_DATA SECTION_:
● ● ● ● ●

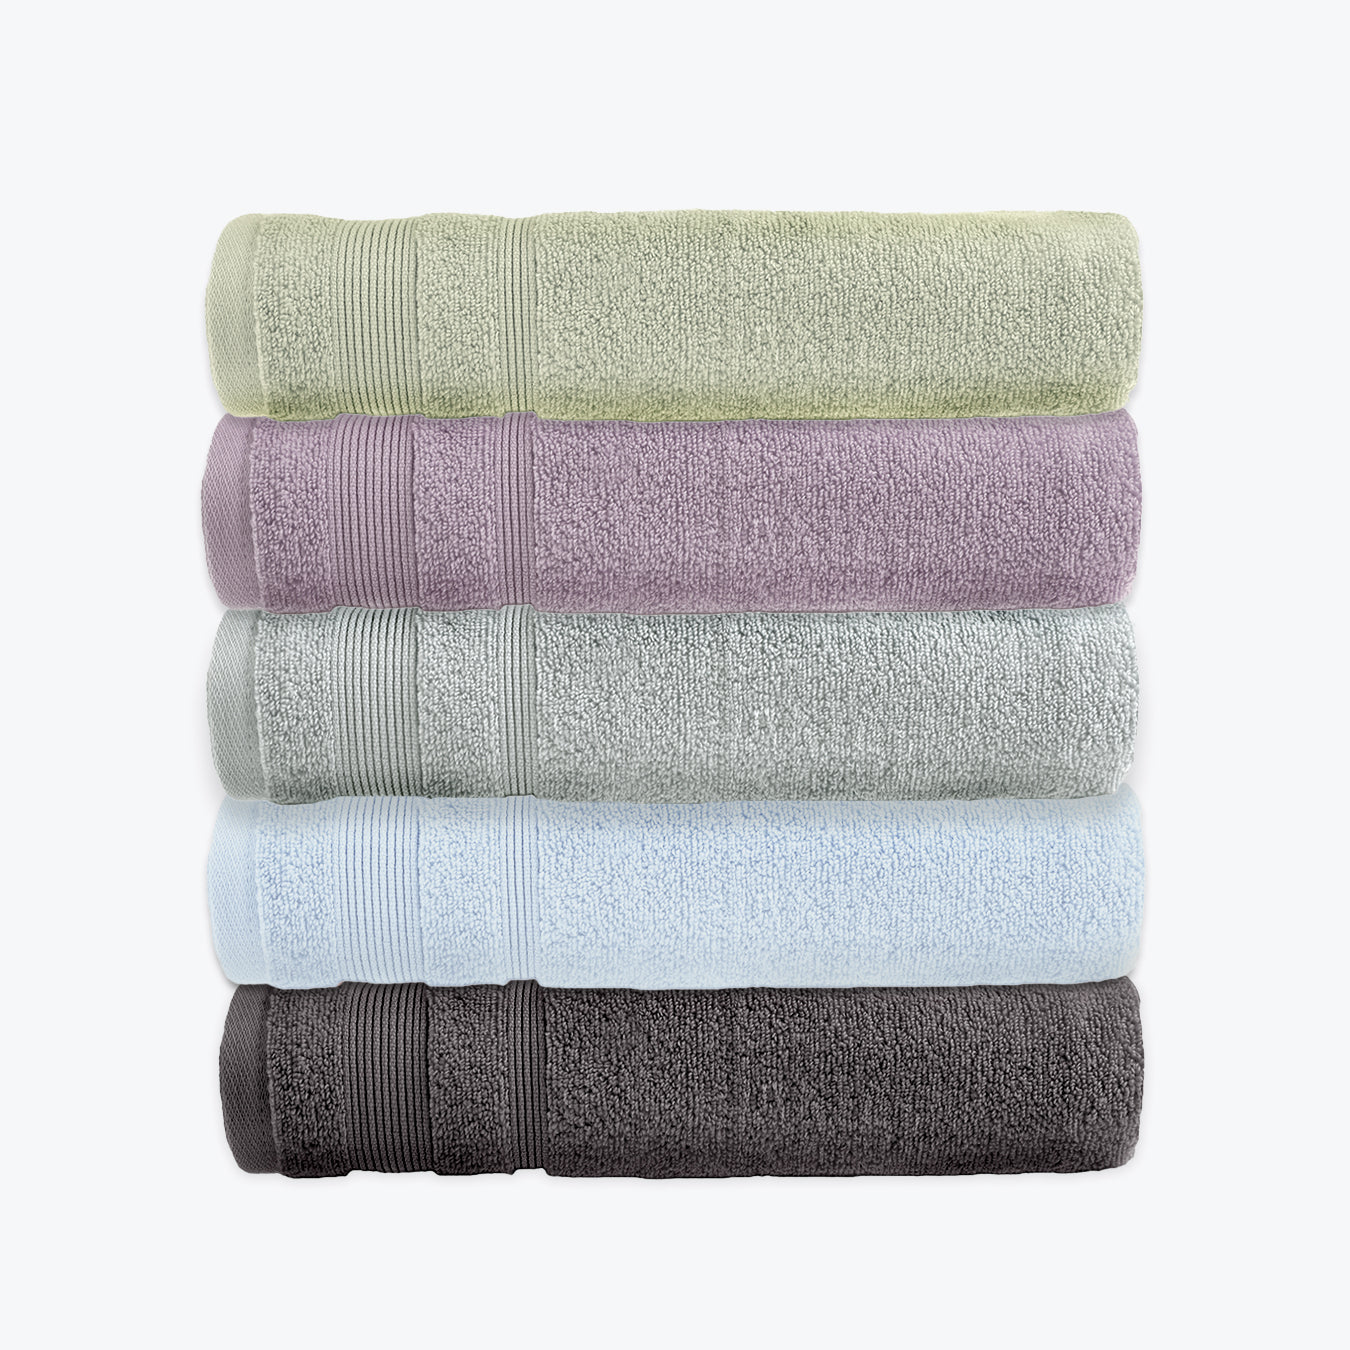 Premium Zero Twist Towels Luxury Egyptian Cotton Bathroom Towels. Hand Towel, Bath Towel, Bath Sheet and Face Cloth Sizes
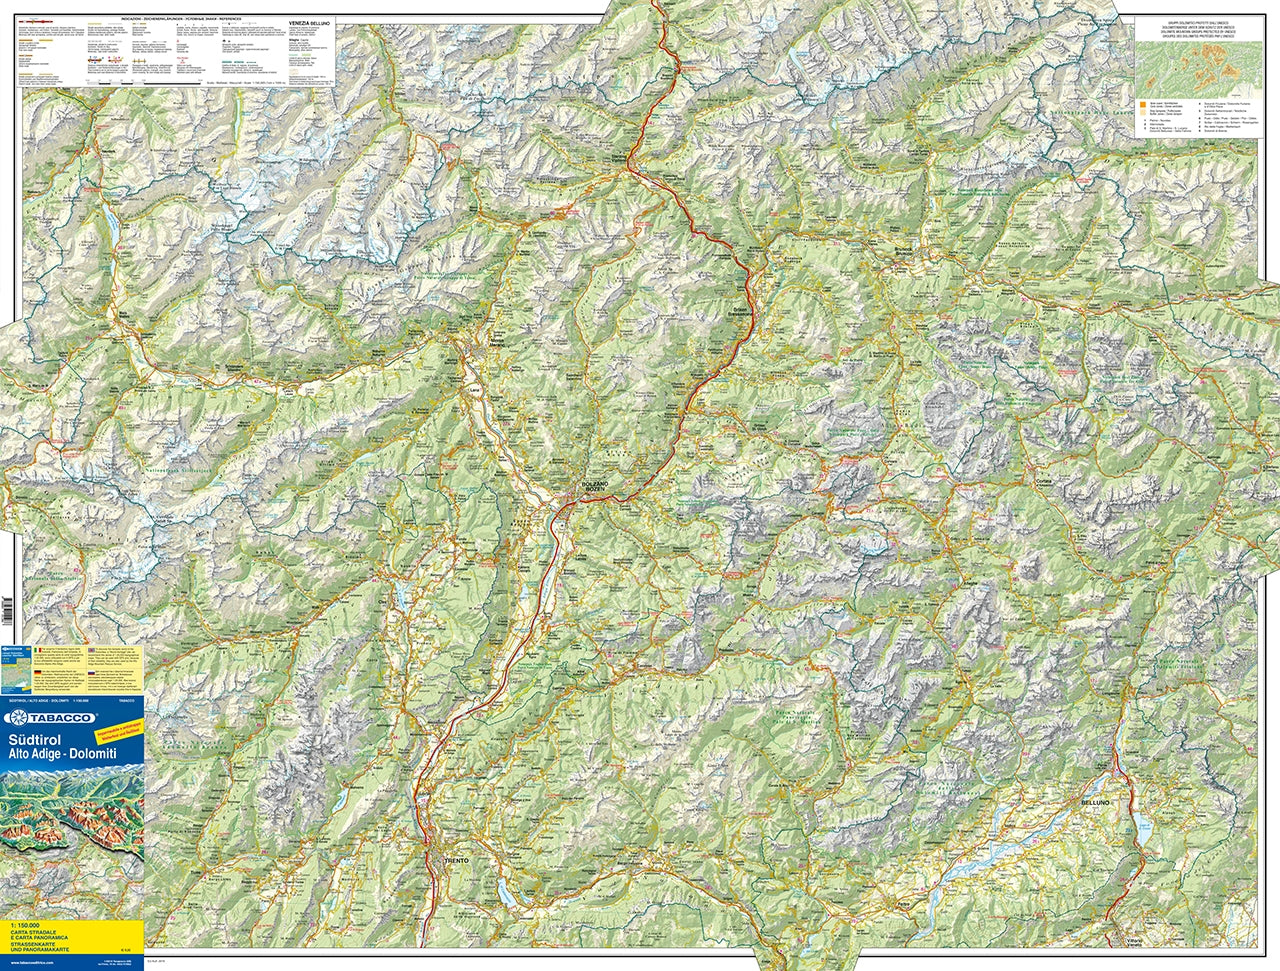 Road map South Tyrol / Alto Adige - Dolomiti road map 1:150,000
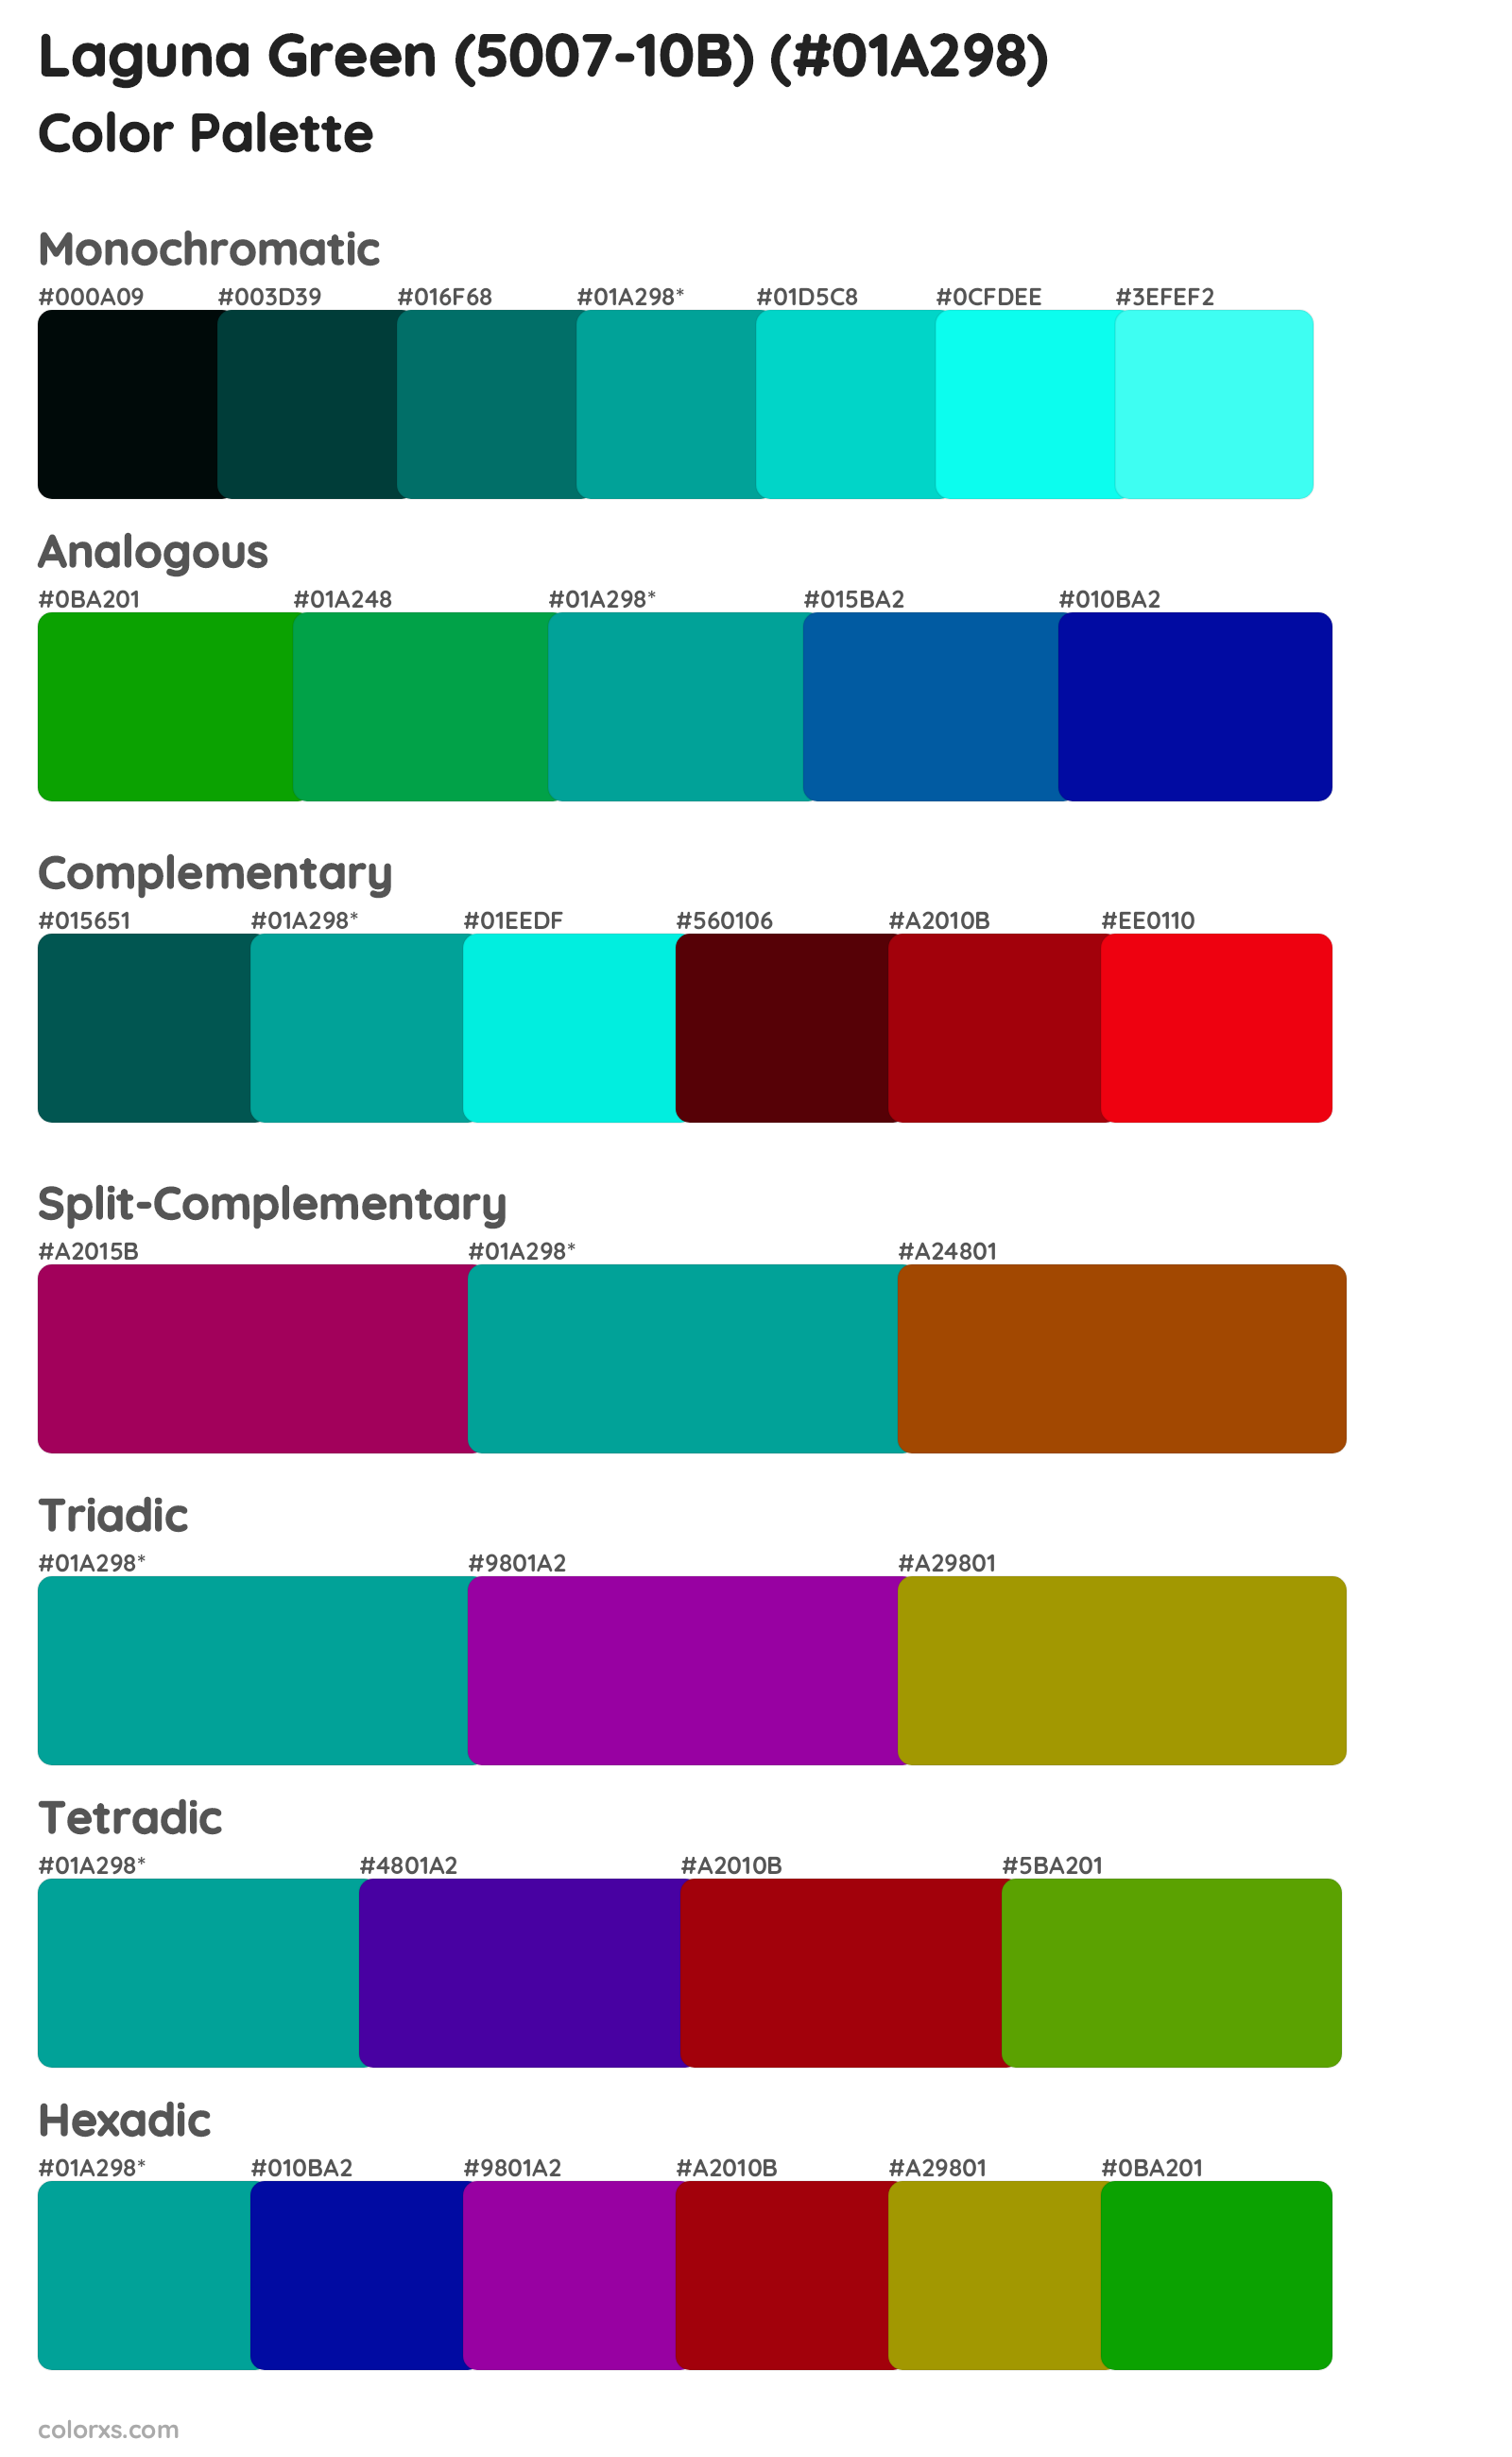 Laguna Green (5007-10B) Color Scheme Palettes

● ● ● ● ●

_YOUR GOAL_: Leaving out the pictures, reproduce the whole listing above exactly.

_EXERCISE ANSWER_:
 Premium Zero Twist Towels Luxury Egyptian Cotton Bathroom Towels. Hand Towel, Bath Towel, Bath Sheet and Face Cloth Sizes
 Road map South Tyrol / Alto Adige - Dolomiti road map 1:150,000
 Laguna Green (5007-10B) Color Scheme Palettes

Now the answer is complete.